Attached file The text file
Here is the file, in case it disappears.
This affects 1.0 PR on Windoze too. Although, in this case, you can select the entire character, but the whole line can't be selected. This character also wreaks havok in textareas on Windows it seems.
Status: UNCONFIRMED → NEW
Ever confirmed: true
OS: Linux → All
is that an xft build or x11core? this component is definitely wrong, trying gfx
Assignee: guifeatures → blizzard
Component: XP Apps: GUI Features → GFX: Gtk
QA Contact: ian
I'm not sure. The Linux version was whatever rpm was available with Fedora 2 (Christopher Blizzard should know since he's at Redhat) :-)
This appears to be ascii char 27, escape character (Now it's so obvious since it's an escape sequence)
Summary: Highlighting text with Unicode char? causes line width for selection to be incorrect and bouncing text → Highlighting text with ASCII char causes line width for selection to be incorrect and bouncing text
The screenshot was taken with an Xft build.
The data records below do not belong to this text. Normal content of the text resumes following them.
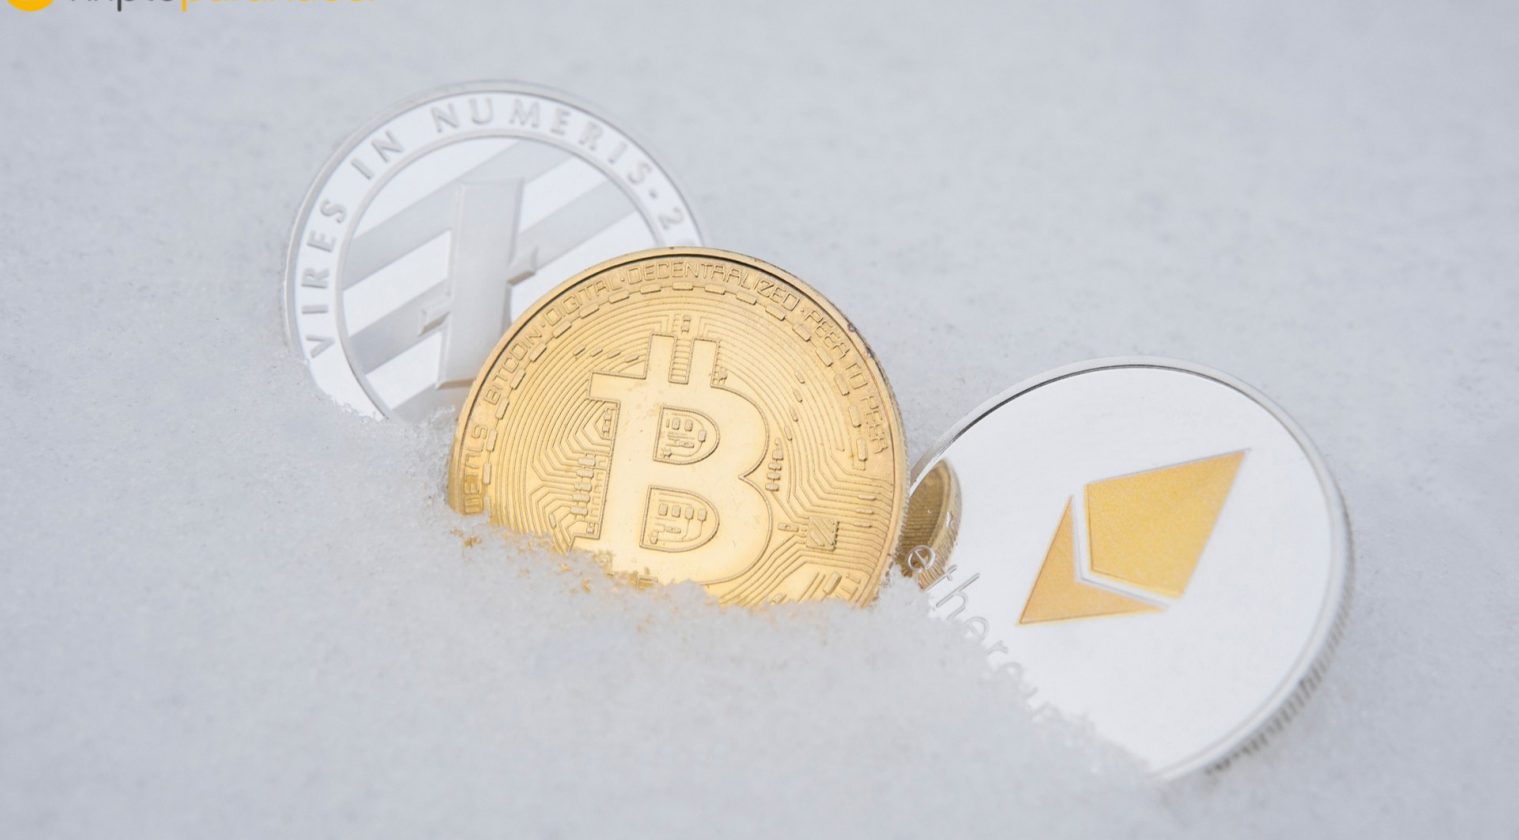 Tone Vays: “Bitcoin tahminim yanlış olmasını dilediğim durumlardan biri.”
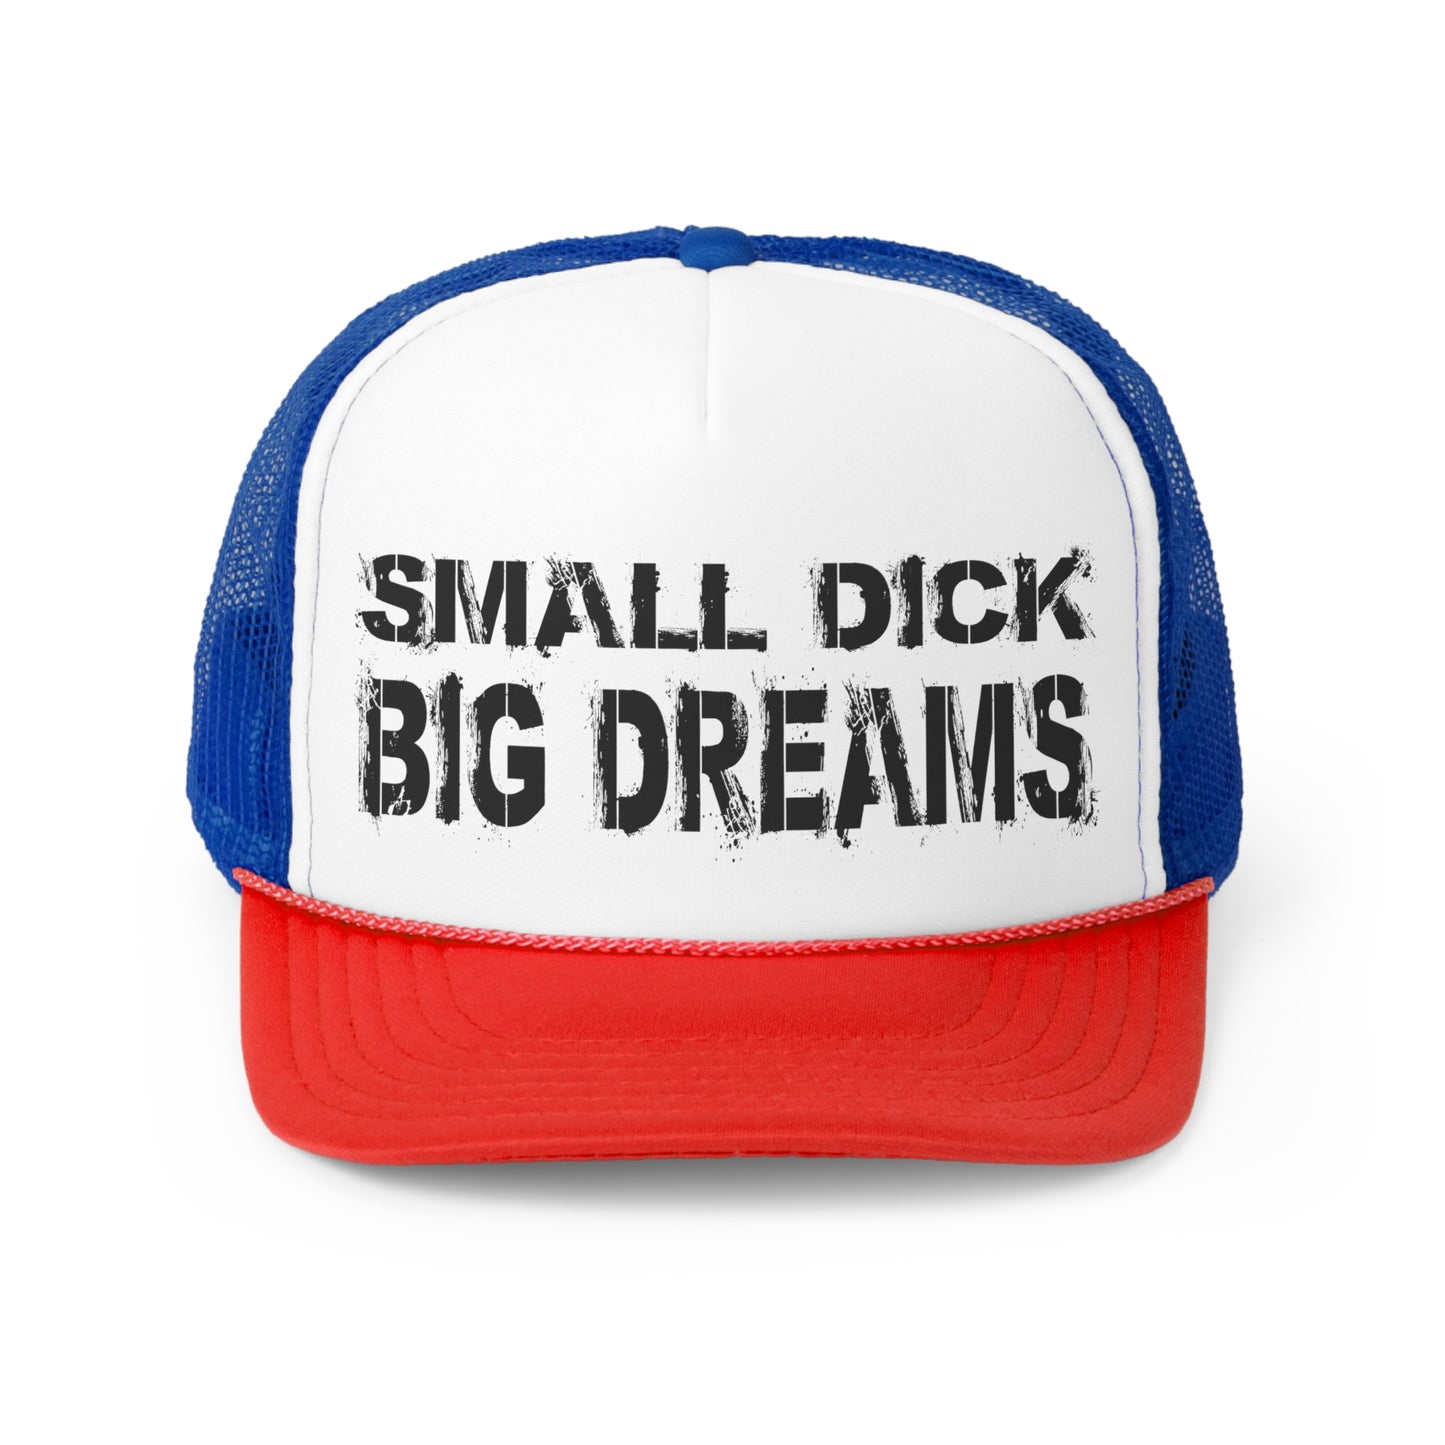 Small D!ck Big Dreams - Trucker Caps
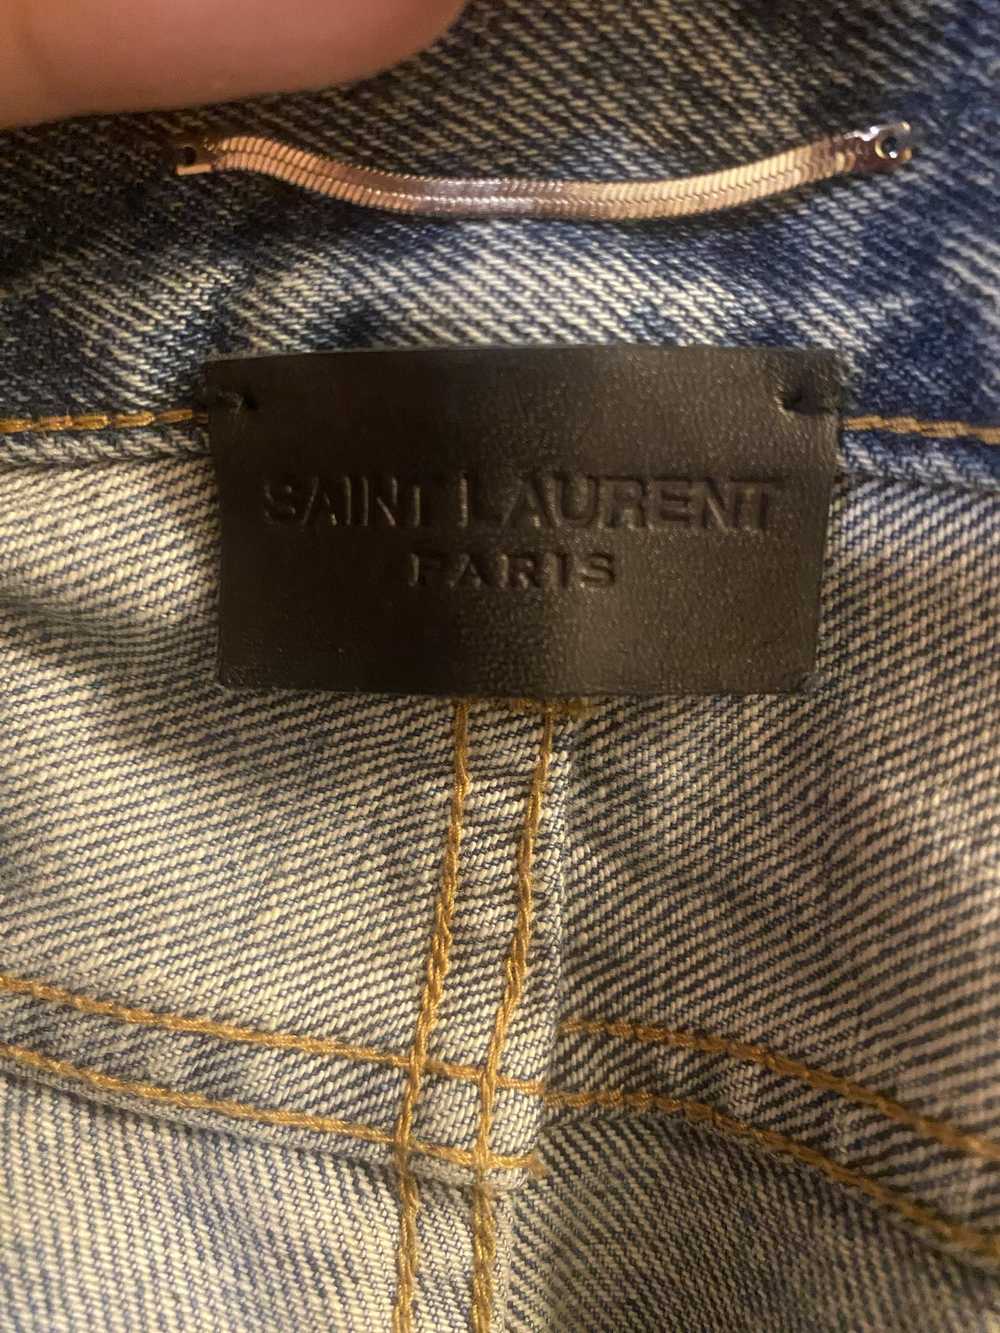 Saint Laurent Paris × Yves Saint Laurent ysl/sain… - image 7

It's odd that there is a problem with our fallback rendering and selection (I thought we did the right thing with reporting the width.) Ccing rbs to see what Gfx:Win does. Remotely related to this bug (if related at all) is bug 229896. More closely related is bug 205387 and bugs referred to there.
I am seeing that Seamonkey "jiggles" with Gfx:Win too (as per comment 3). When you select, the text gets slightly shorter, when you deselect, it returns to its width. Result: a "jiggling" (or "bouncing") effect. > I thought we did the right thing with reporting the width. It is intriguing indeed.
The only think that I can think of is that we've got some rounding errors and/or we do extra text measurement when we shouldn't be. For the pango work that I'm doing I've been thinking about how to fix selection. It's just completely unusable right now with shaped languages like arabic. We're doing some Very Wrong Things.
(In reply to comment #9) > It's just completely > unusable right now with shaped languages like arabic. We're doing some Very > Wrong Things. We already know what's wrong there. See bug 229896 and the international release notes (http://www.mozilla.org/releases/mozilla1.7/known-issues-int.html) <quote> The cursor movement and selection/highlighting don't work as expected, yet. It takes multiple keystrokes to delete or move by what's usually perceived as a unit in complex scripts because Mozilla works in terms of Unicode characters instead of graphemes. For the same reason, the boundaries of the text selection/highlighting can fall between Unicode characters making up a single grapheme. (Bugs 79286, 85420, 100173, 122552, 157534, 229896 ) </quote>
Blocks: 214715
This patch implements proper text selection using grapheme cluster boundaries, including keyboard and mouse selection and updates the text frame code to properly display selection using that information when it's available.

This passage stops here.